A Theory of Corporate Joint Ventures,
106 Calif. L. Rev. 1437
In a corporate joint venture, two corporations—often competitors—collaborate on a project. But how can corporations be partners and competitors at the same time? Though it sounds like a contradiction, such collaborations are commonplace. Many of the most familiar products come from corporate joint ventures, from high-technology like solid-state drives for laptops or rocket boosters for NASA’s Discovery program, to everyday items like Star Wars action figures and even Shredded Wheat cereal. Indeed, Meinhard v. Salmon, arguably the most celebrated case in all of business law, arose out of a dispute within a joint venture. Yet unlike more familiar business forms such as corporations or LLCs, neither case law nor statute provides a clear statement of what a joint venture is or even which laws apply. Given this confusion, it is not surprising that the literature has not produced a unified theory of the corporate joint venture: a coherent statement of both what it is as a matter of law and how it functions.
This Article offers a theory of the corporate joint venture. It traces the development of joint venture law and practice from its origins in 19th-century American case law to the present. The central claim is that at the heart of joint venture law and practice, there is a singular legal problem: the foundational fiduciary duty that applies to all business forms—the duty of loyalty—is inherently contradictory within the context of a joint venture. The contradiction arises because the law has effectively treated joint ventures as partnerships whose members happen to be corporations. This formulation is contradictory because partnership law requires each corporation to be loyal to the other, while corporate law requires each agent to be loyal only to her own corporation. Thus, joint venture law both requires and prohibits a division of loyalty.

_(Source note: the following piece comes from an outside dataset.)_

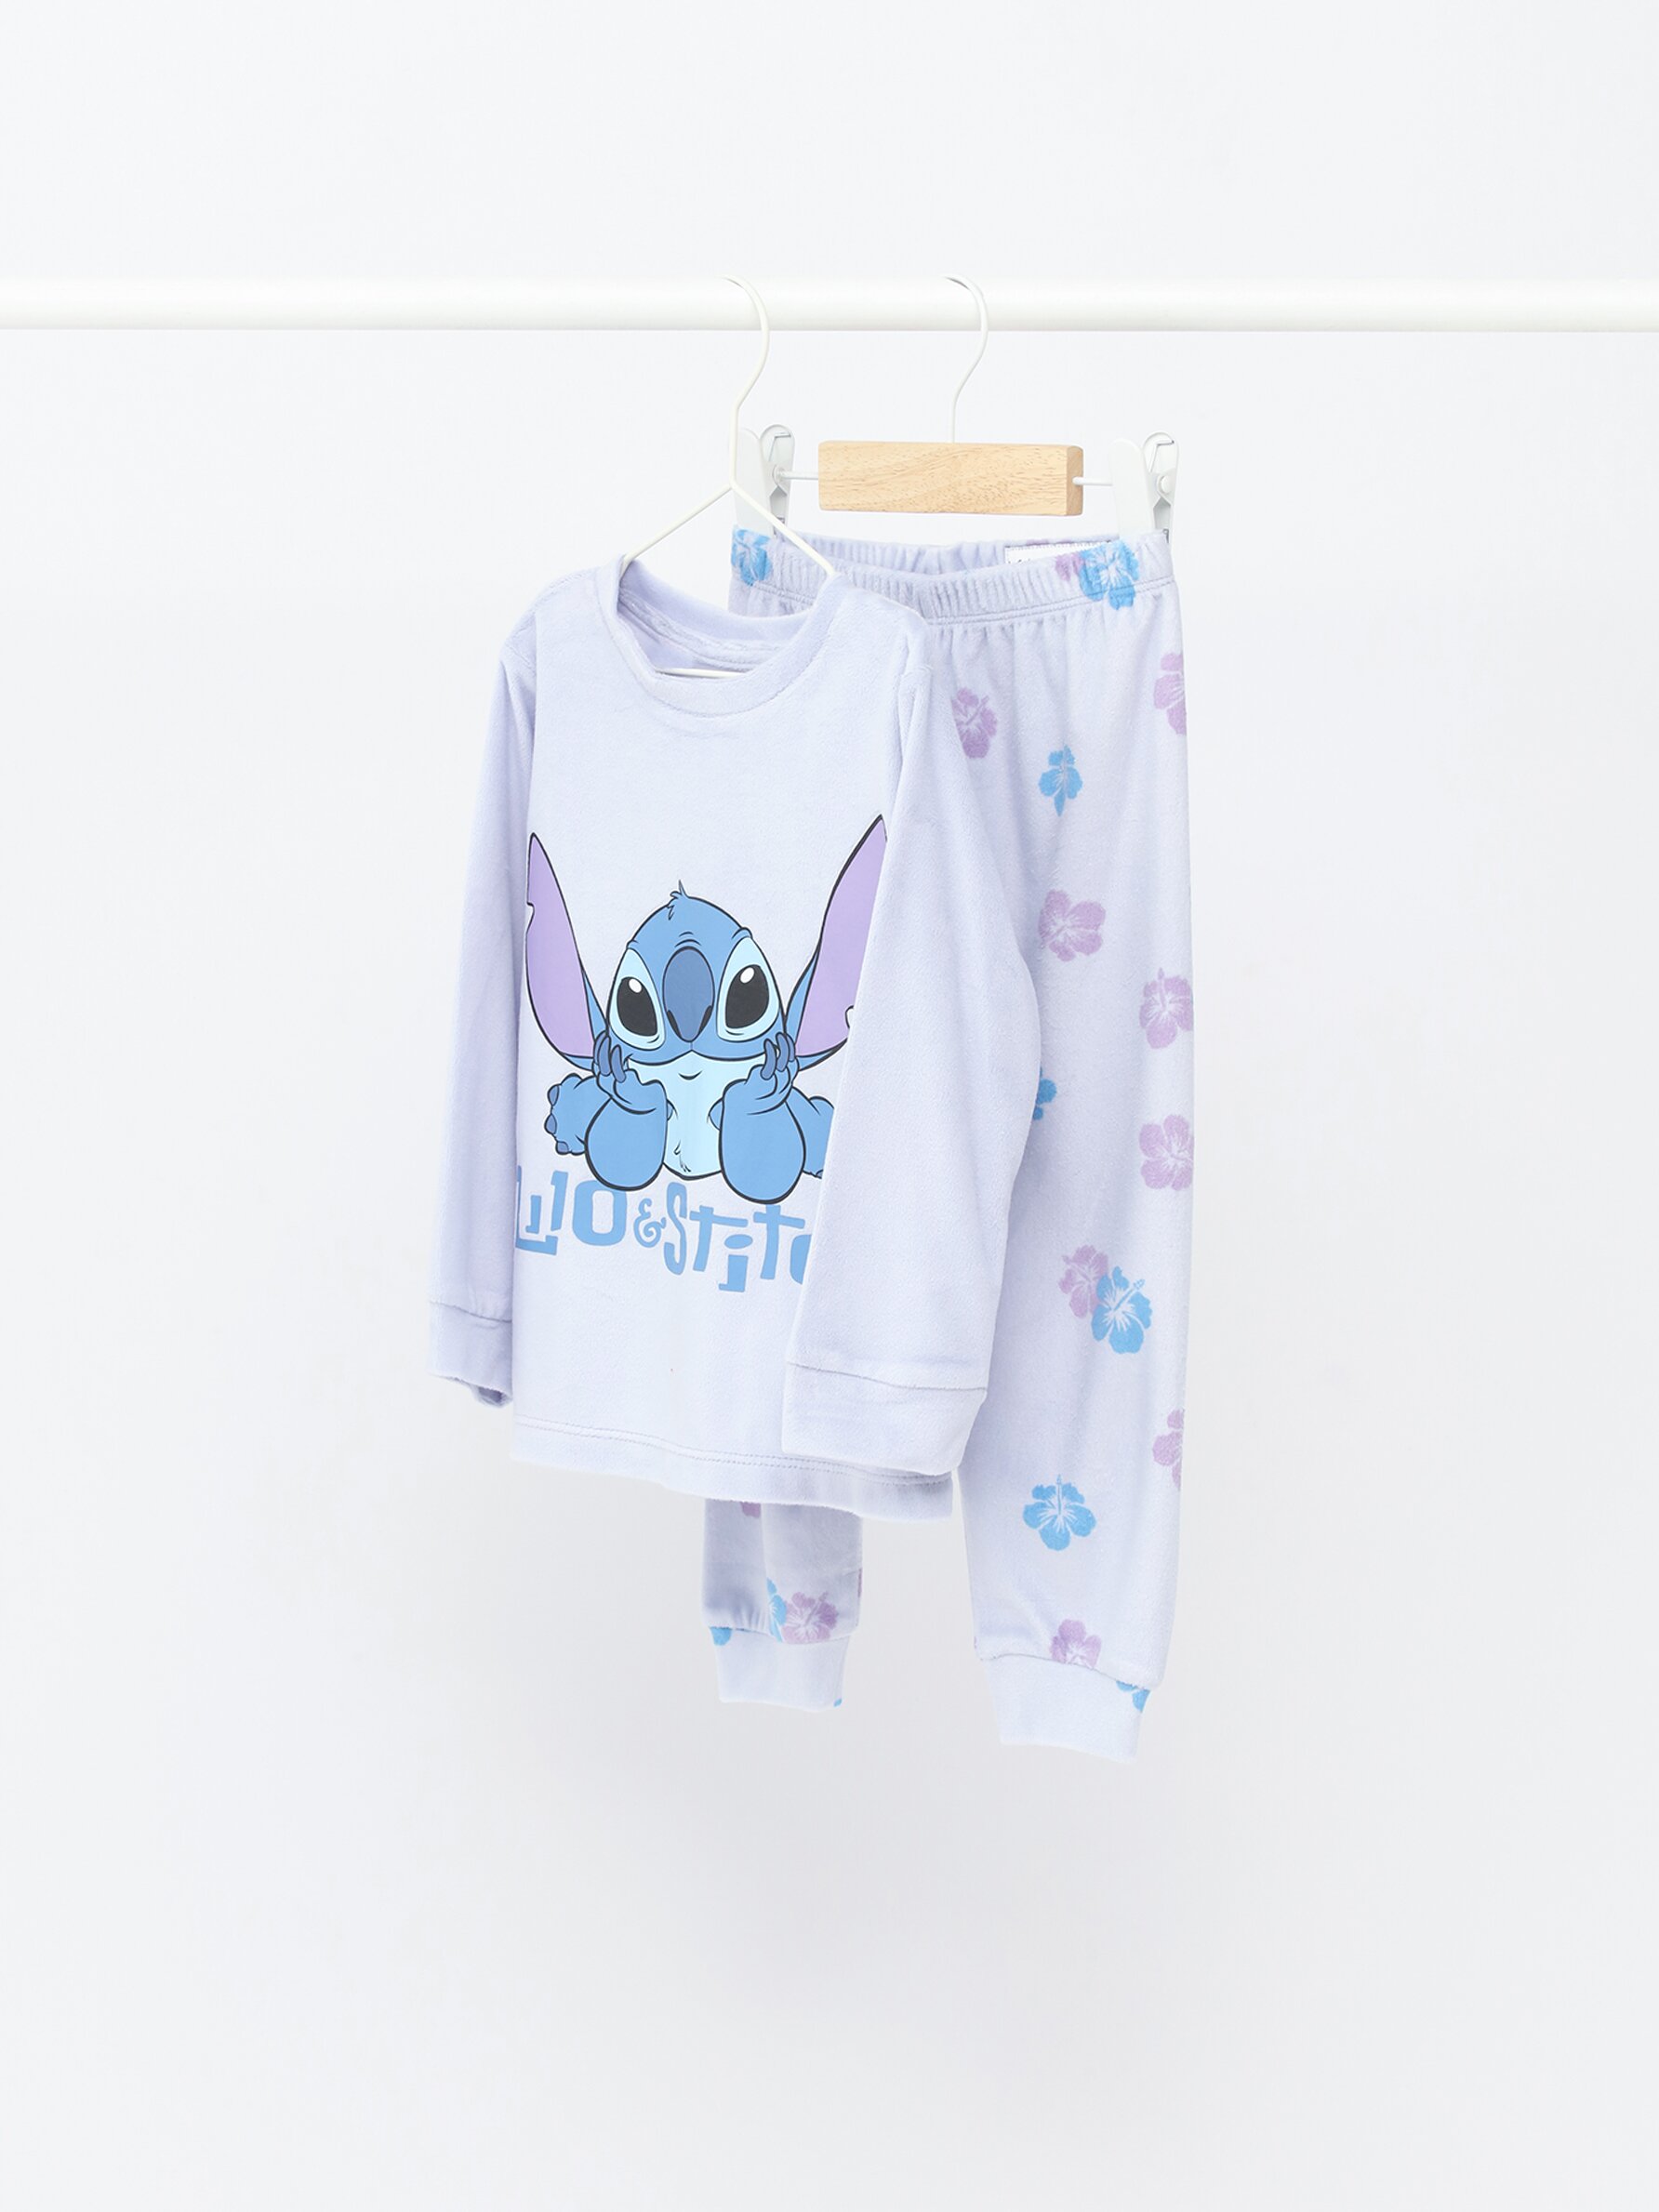 Pijama largo Lilo & Stitch blanco

The Article first shows how this inherent conflict was a latent motivation behind the path of early case law, as well as how case law subsequently obfuscated the conflict and left a legacy of confusion. It then uses economic theories of business organization and contract law to explain how the joint venture forms we observe today resolve this conflict through a hybrid corporate-contract form. Finally, it demonstrates empirically how the modern contractual solution has engendered a new set of fiduciary problems via networks of joint venture connections across corporations in an industry. The Article concludes by offering policy prescriptions to tackle these problems and clarify the law of joint ventures.